Team:IISc Bangalore/InterLab

Fluorescence assays have grown to be some of the most popular readouts in biological experiments. However, representation of optical readouts in fluorescence assays that typically measure OD and fluorescence is non-trivial due to the variations in different instruments used to measure them. The instruments differ in their optical paths, their beam intensities, gains, etc. Hence, data is most research articles are represented in arbitrary units (au), making it very difficult to compare a range of samples, which is what is required out of a measurement system. The idea of the interlab study is to enable a common measurement platform in terms of samples and protocols so as to allow interconversion of data between different devices in the following methods.

• OD: A standard colloidal solution, LUDOX S30 (30% silica colloid in water) was included in the InterLab 2016 kit.
i. Assumption: The ratio of OD from two different OD measurement devices for the same sample will be a constant ratio independent of the sample.
ii. Implications: If one knows the ratio of OD from two OD measurement devices due to LUDOX and the OD of a different sample is known from the first OD measurement device, the OD from the second OD measurement device can be calculated.

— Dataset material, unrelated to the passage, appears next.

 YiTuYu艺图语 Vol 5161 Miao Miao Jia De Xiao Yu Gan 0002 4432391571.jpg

• Fluorescence: Dry FITC, 194.7 ug(0.5 umol) was provided in the InterLab kit. A 10x 0.5mM FITC solution was made in PBS and ten-step 2x serial dilutions were set up in quadruplicates. Fluorescence of the same of measured under standard FITC conditions(Ex: 488 nm, Em: 507 nm).
i. Assumption: Absolute fluorescence due to given FITC solutions is independent of device parameters.
ii. Experimental observations: Under given dilutions, FITC fluorescence is directly proportional to FITC concentration.
iii. Implications: All green fluorescence can be reported in terms of equivalent FITC concentration.

Example of use of standardized measurements:
A growth curve for E coli DH5"/alpha" transformed with the following plasmids was performed

• Negative control - BBa_R0040 (pTetR promoter) pSB1C3
• Positive control - BBa_I20270 (Constitutive GFP generator) pSB1C3
• Test device 1 – BBa_J23101.B0034.E0040.B0015 pSB1C3
• Test device 2 – BBa_J23106.B0034.E0040.B0015 pSB1C3
• Test device 3 – BBa_J23117.B0034.E0040.B0015 pSB1C3

All the growth curves were performed with initial uncorrected OD of 0.02.

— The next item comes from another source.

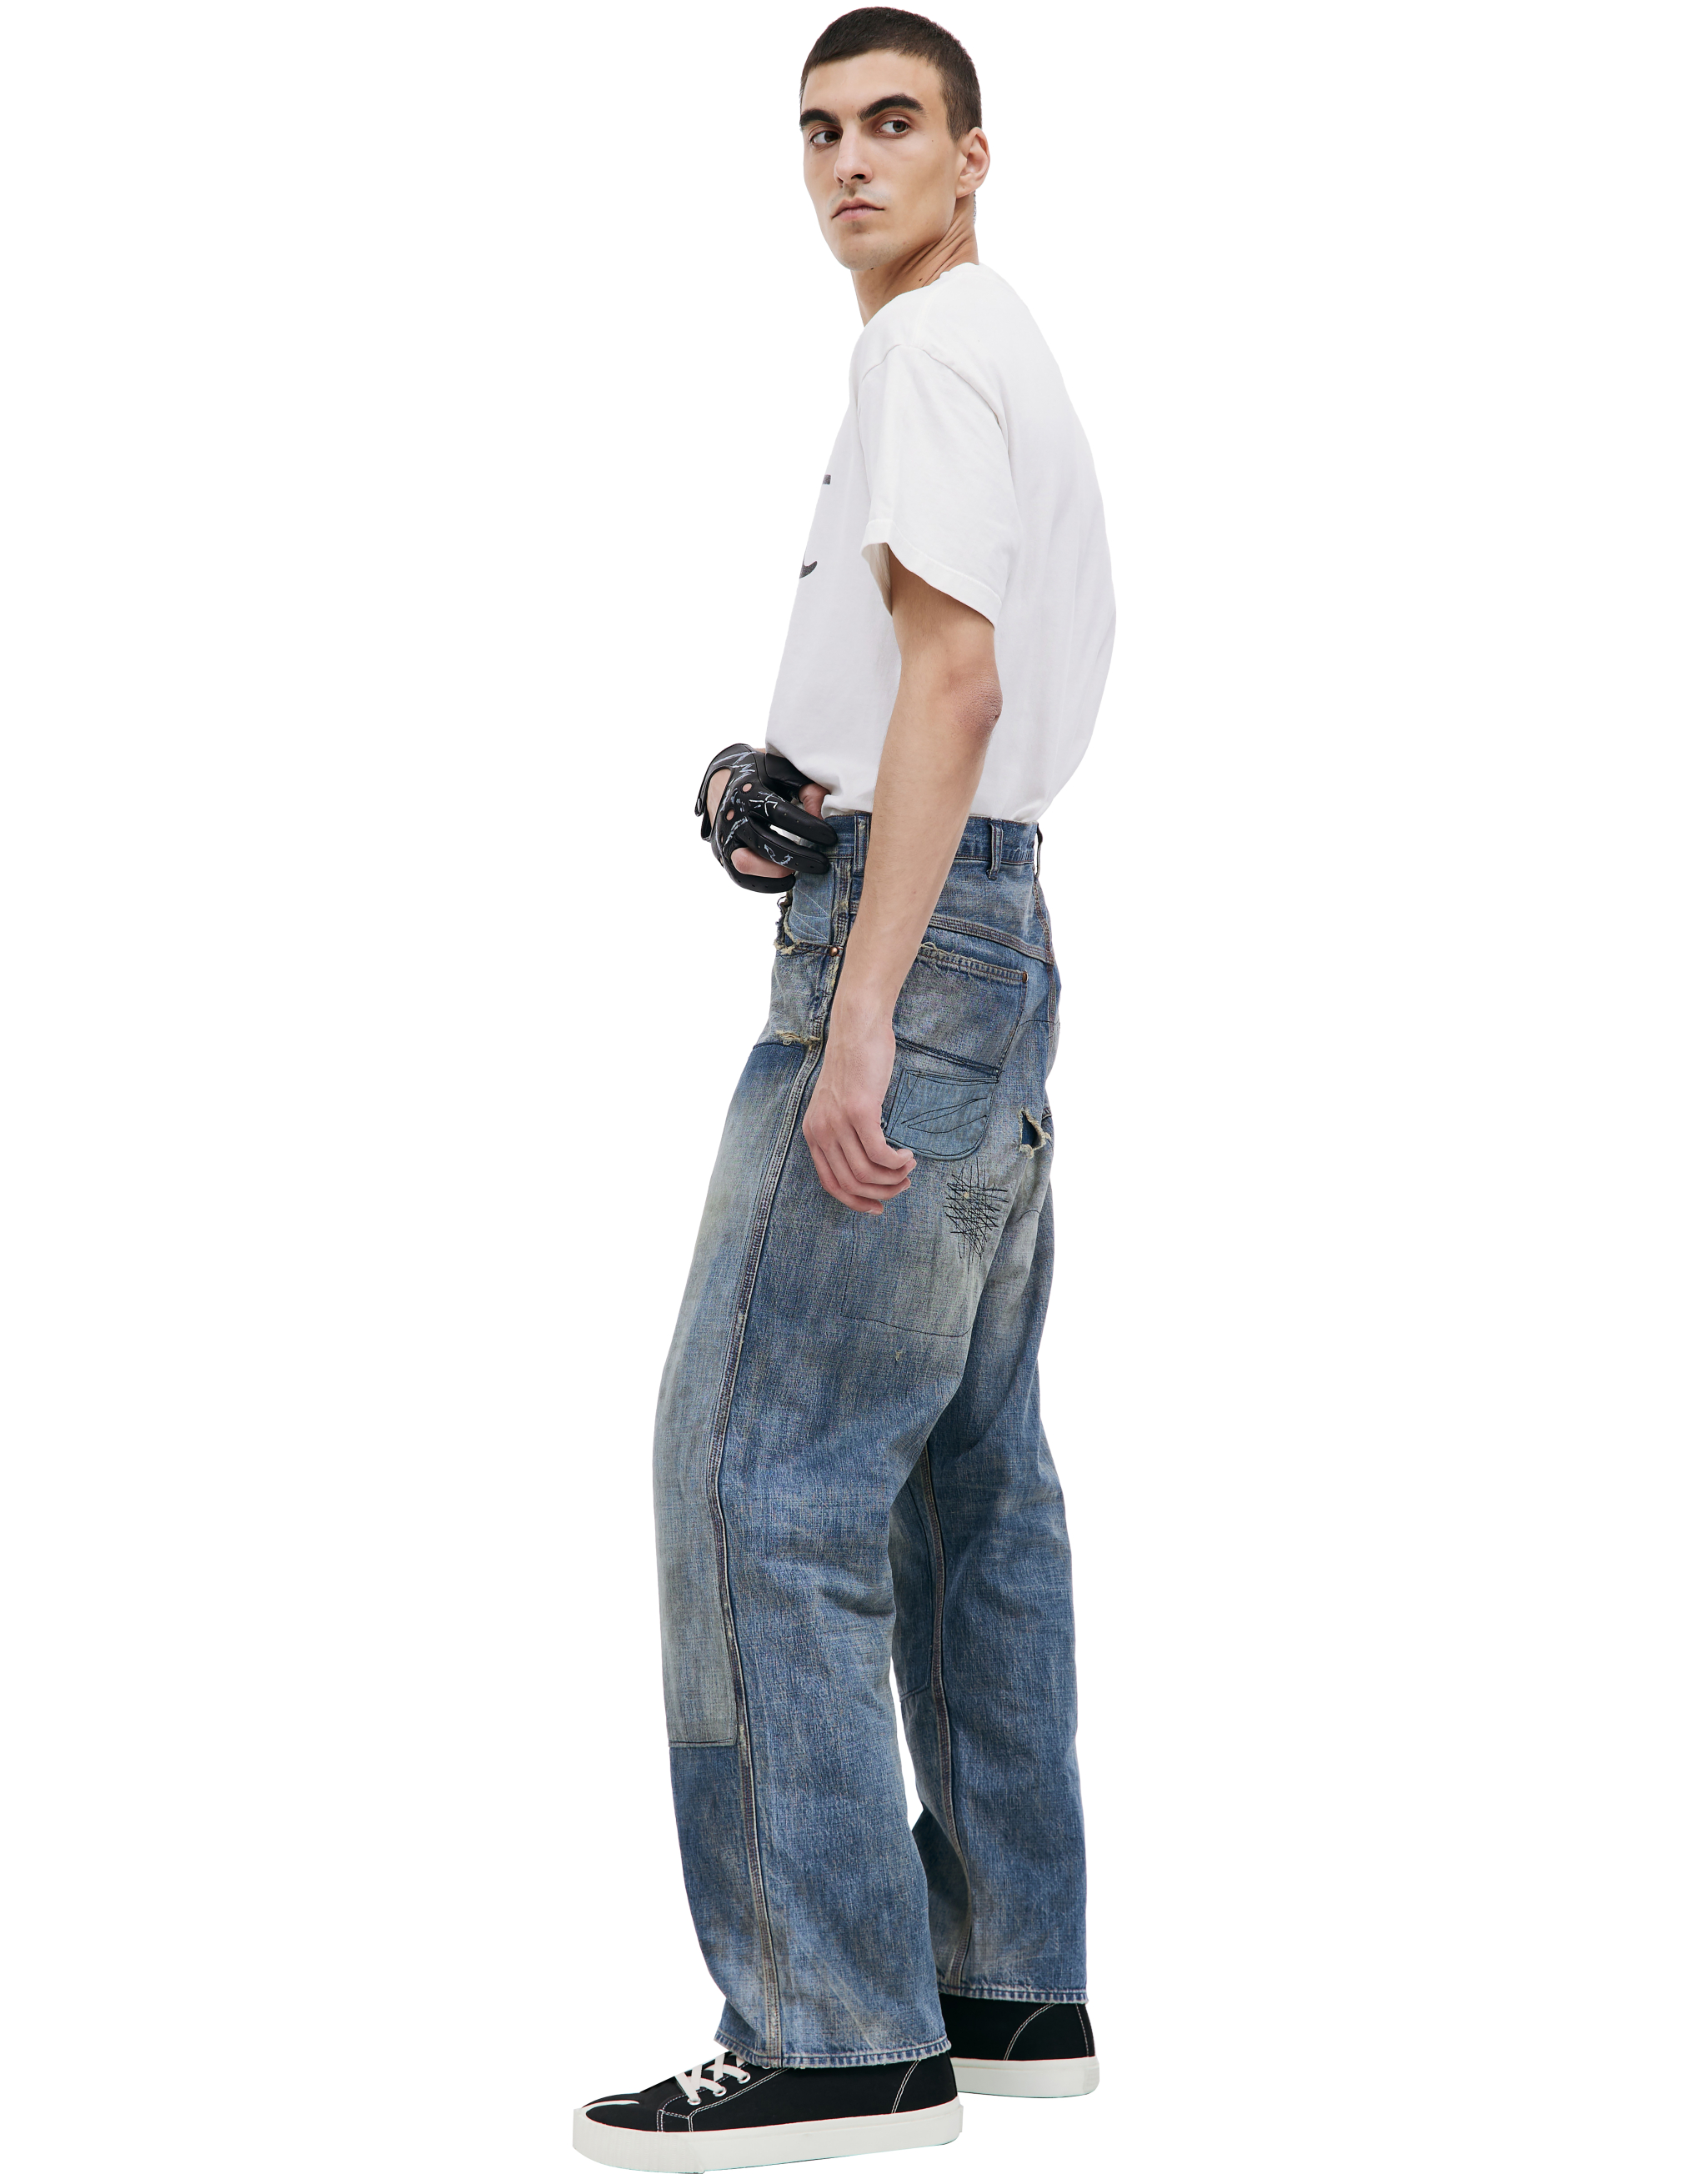 Прямые джинсы с патчами Saint Michael SM-A23-0000-038, размер M - фото 2

1. The initial plate reader interlab study protocol stated that the FITC tube in the kit had 187 ug of FITC, while the label on the FITC tube stated 197.4 ug of FITC to be present.

2. The plate reader protocol claims the concentration of FITC in the 10x solution to 5 uM. However, that would imply an initial mass of 1.974 ug of FITC in the kit, which is 100 fold lesser than what updated plate reader protocol states (as of 17th October, 2016 IST).

Our suggestion with regard to the OD standard is to use McFarland standards instead of LUDOX solution. This is because McFarland standards can be made by respective teams, and replacing LUDOX with it decrease the InterLab kit expenses.

The results from our InterLab experiment are in the following spreadsheet. The Flu/OD for the cultures is as below.

Another interesting observation was the decreasing transformation efficiency of our competent cells (which had efficiency of 5x10⁷ CFU/ng with BBa_J04450 pSB1C3) with test devices conferring the strongest GFP expression.

One has the trivial result of the different GFP expression per cell (quantified by Flu/OD), which is representative of the strength of the Anderson promoters in the test devices.

For the proof of concept for our idea, measurement of intracellular protein concentrations are of essence. This is primarily possible only via fluorescent proteins, either independently, or by tagging to some other protein of interest.

This is what has driven us to tag Ag43 with sfGFP to estimate its concentration. Hence, the 2016 iGEM interlab study is of special importance to our proof of concept, since it allows for reproducibility of our absolute measurements by any future reviewing iGEM team.